Yes, it's a complicated proposal. However, it solves a couple major problems:
- It improves site graduation. Instead of sites experiencing a huge privilege shock when they graduate, they'd experience a nominal transition. (Remember that when a site graduates, a lot of users lose the privileges they've already been granted.)
- It improves the process of site growth. From private beta into public beta, there are (often long) interim periods where the community moderation needs are not being fulfilled. This can result in some bad community standards which need to be cleaned up later, but would be better addressed at the outset.
- It brings on active community moderators only as necessary to fill the needs of the site. When too many people are afforded unrestricted privileges, things can occasionally get a little awry, and it can be hard to spot. By having a smaller influx of privileged users, not only will those users have more experience but they'll also have an easier time learning by example from existing reviewers.
Obviously these things are a little less effective on larger sites, but in a lot of respects, larger sites are a lot more chaotic than smaller sites, so that's probably to be expected.
Here are some of the major points about such a system, and some of the unsolved problems I've been pondering:
My initial suggestion was that once a privilege is granted, it isn't revoked. The reason I had suggested this was to avoid confusing users.
However, it was pointed out by HDE and Scimoster that this might not be the best approach, as the base of users able to review should change to match who's currently active on the site. Scimonster suggested a notification when you're about to lose a privilege, which makes sense to me.
Consequently, if you stop being active on the site, you'll lose the associated privileges that are afforded at your reputation level.
That also avoids the problem wherein there is a potential to have users late into the site's existence with long-term privileges and very little reputation. Granted, the only way they could end up there is by being inactive, which is a self-solving problem.
- Heuristics need to be developed for what the "demand" for each privilege actually means. For review queues, this is easy: lower the threshold until enough people have the privilege to cover the queue. For voting, closing, and edits, it's a little more complicated, and I'm not sure how to do it.
- Consideration of inactive users: As sites age, they develop a larger base of less-active users. A general metric for the activity of each user with regards to each automatically-scaling action needs to be created and balanced. This has to feed into whatever algorithm is determining how many users to add; it's not just about how many users there are, but how active those users are at moderation.

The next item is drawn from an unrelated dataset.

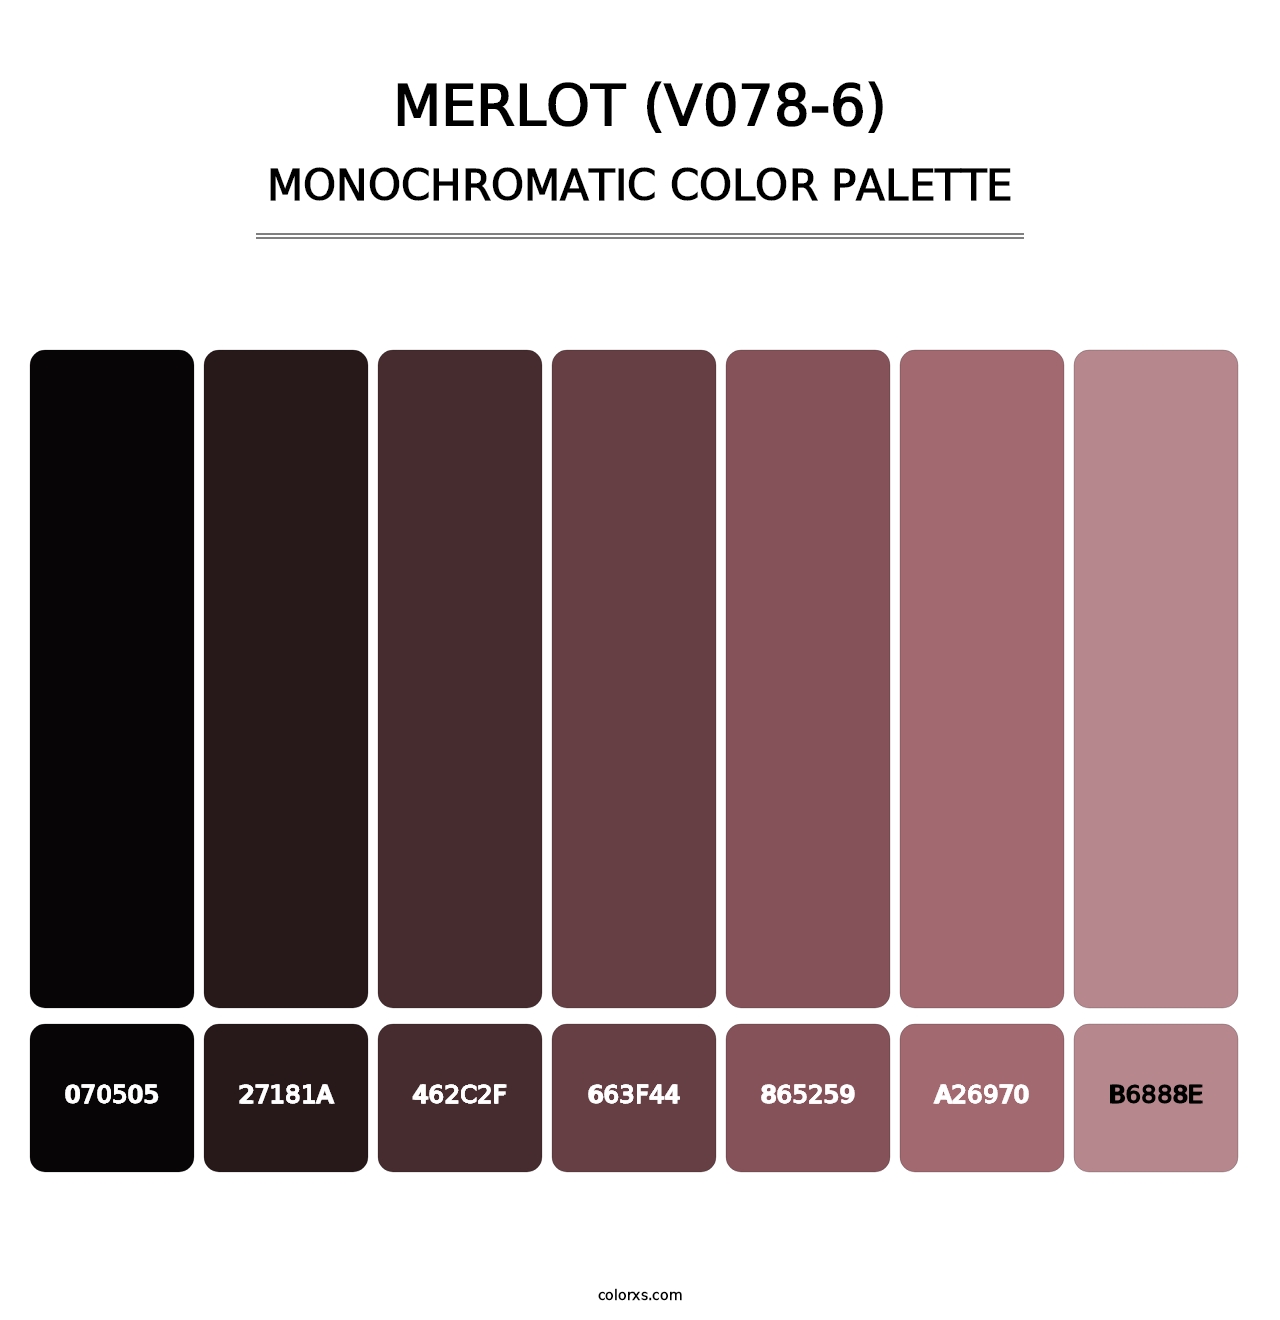 Merlot (V078-6) - Monochromatic Color Palette

- Minimum thresholds need to be set. There has to be a minimum reputation for each privilege, otherwise a site like Stack Overflow would set the close-votes queue to 10 reputation. Those could probably stay the same.

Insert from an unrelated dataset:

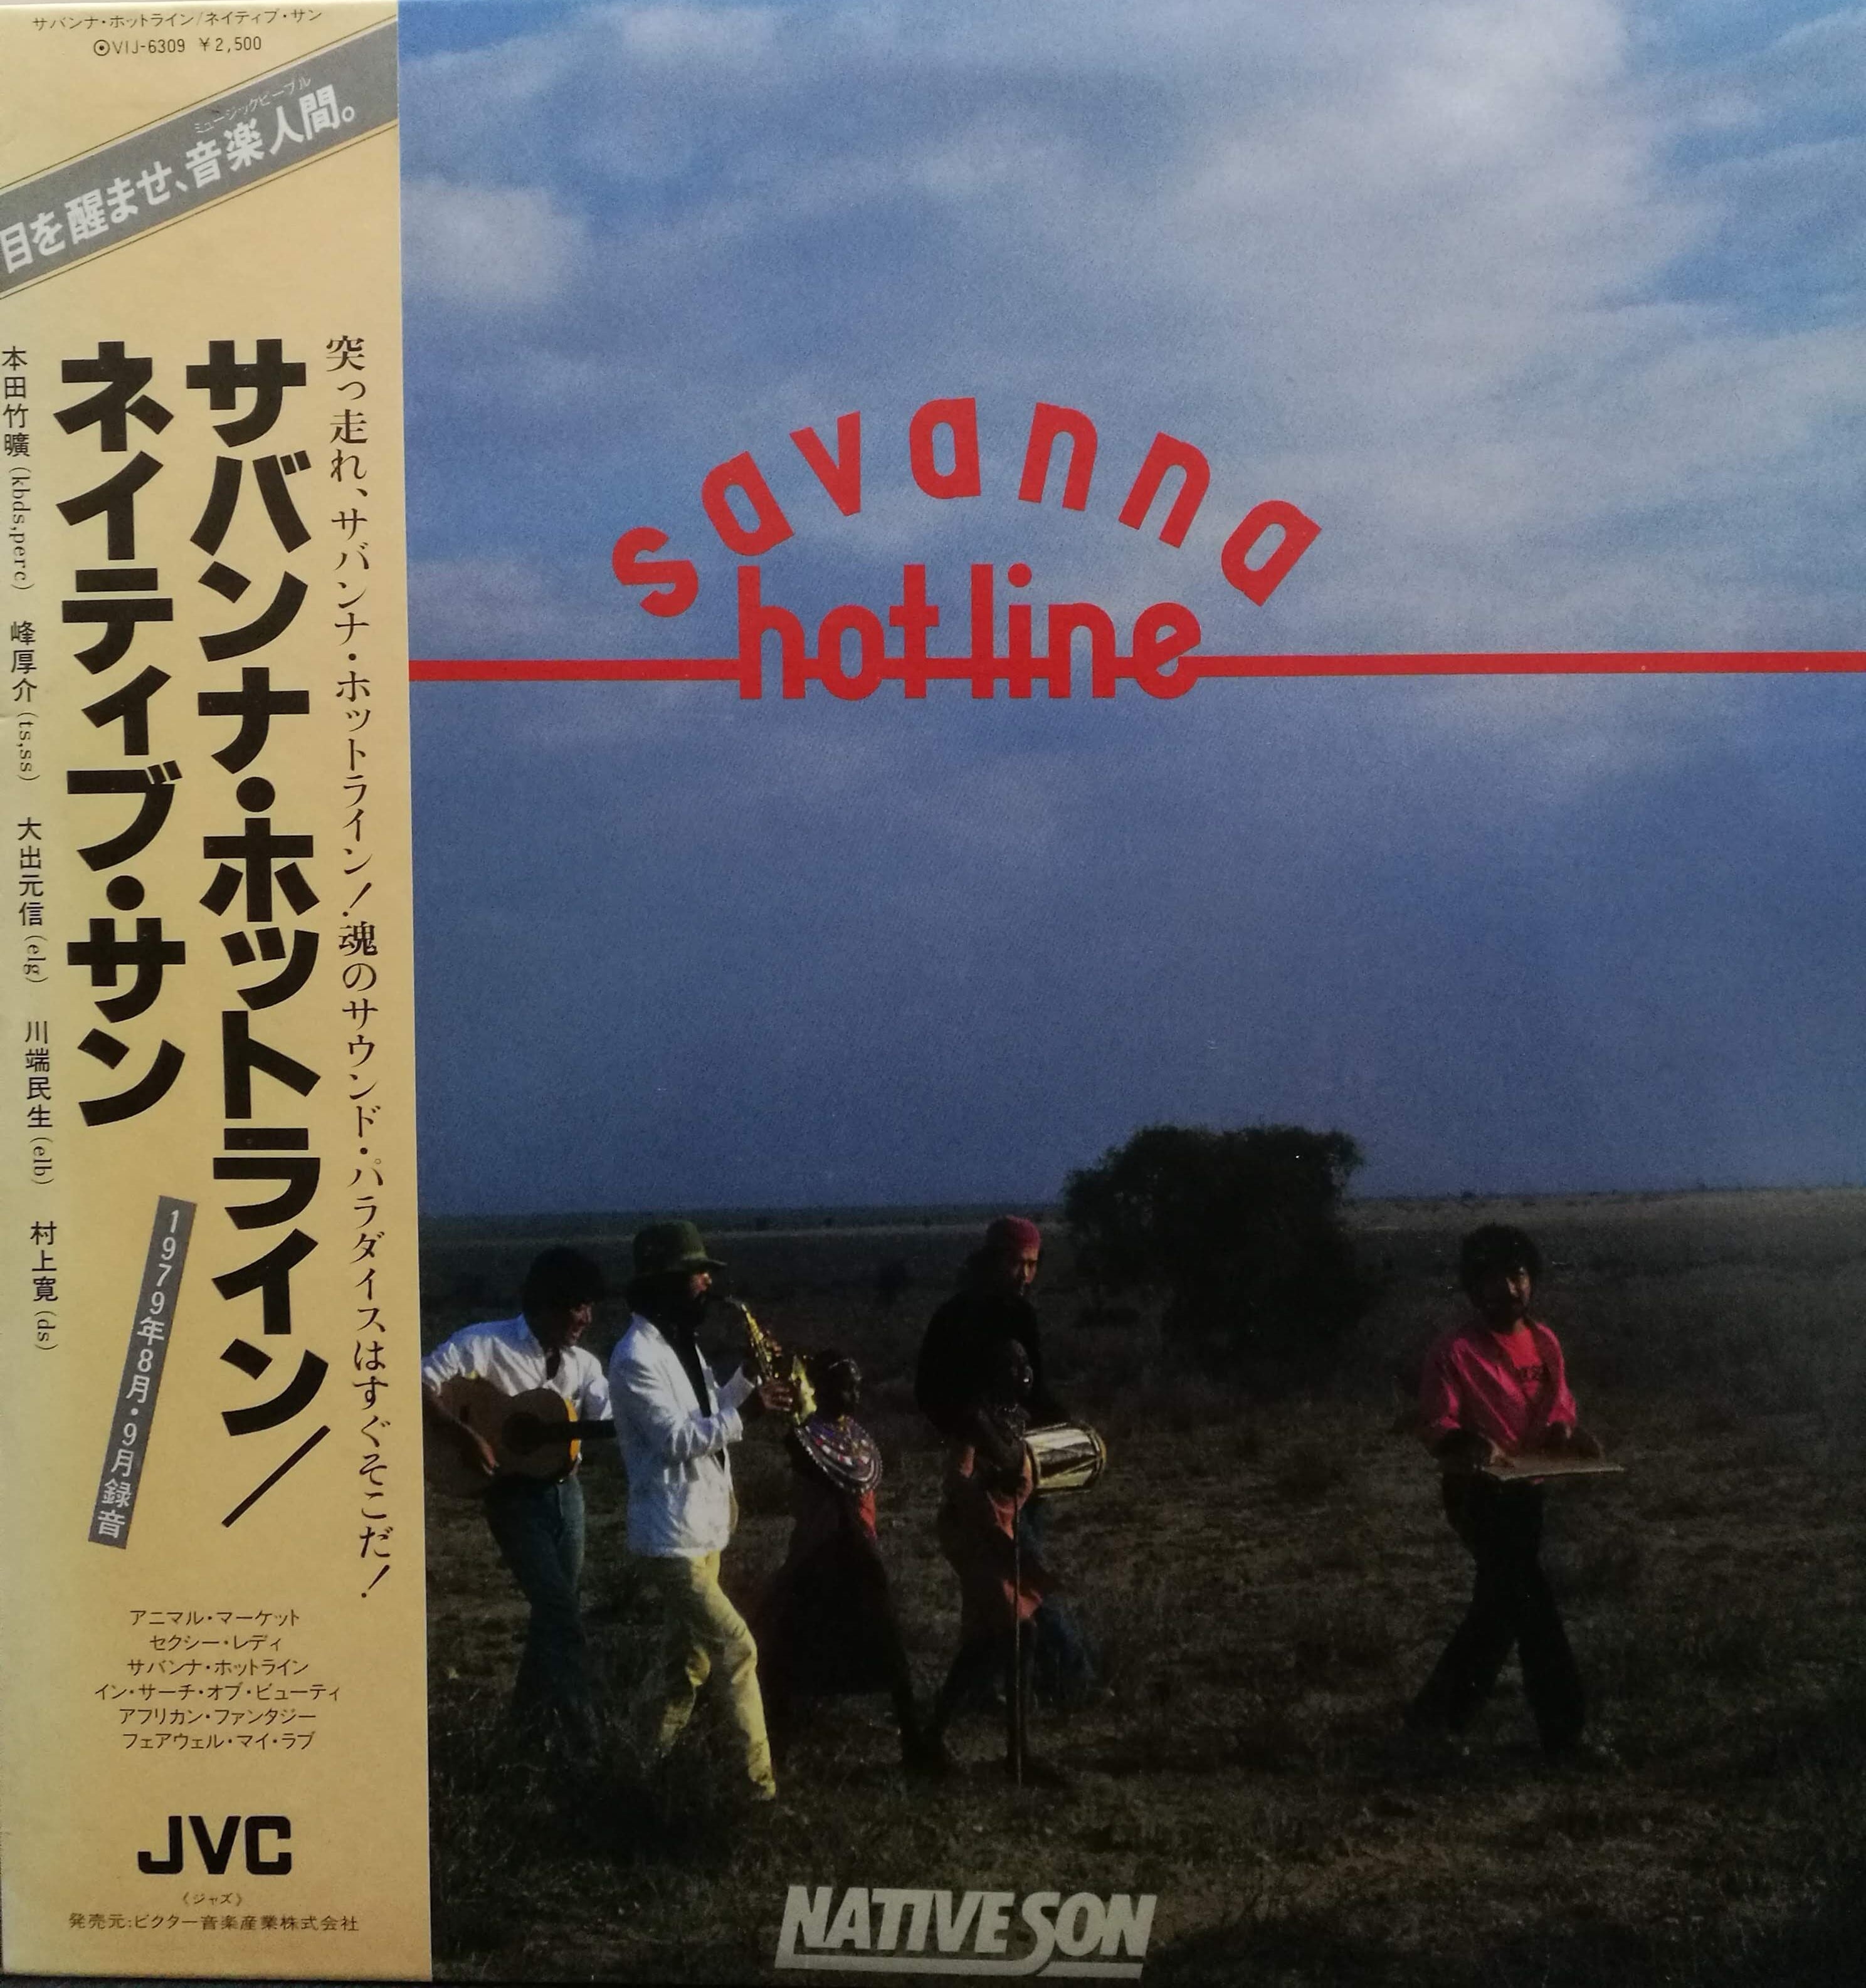 LP】Native Son = ネイティブ・サン / Savanna Hot-line = サバンナ

Finally, this last one is the most significant and hardest to solve:
The raw reputation thresholds need to be presented in a non-confusing way. I'm not sure how to accomplish this, and it's a major holding point on this idea.
A couple ideas which occur to me are to hide reputation thresholds for privileges entirely, presenting solely their order, or alternately to show that the top M users have been granted a privilege.
I do realize this needs work, which is why this isn't a feature-request yet. I'm trying to figure out how to solve these problems here, not proposing it as a feature request or full solution.
The task is a bit too much for me to piece together in my head, so please feel free to answer with whatever feedback and information you think is necessary to make this work.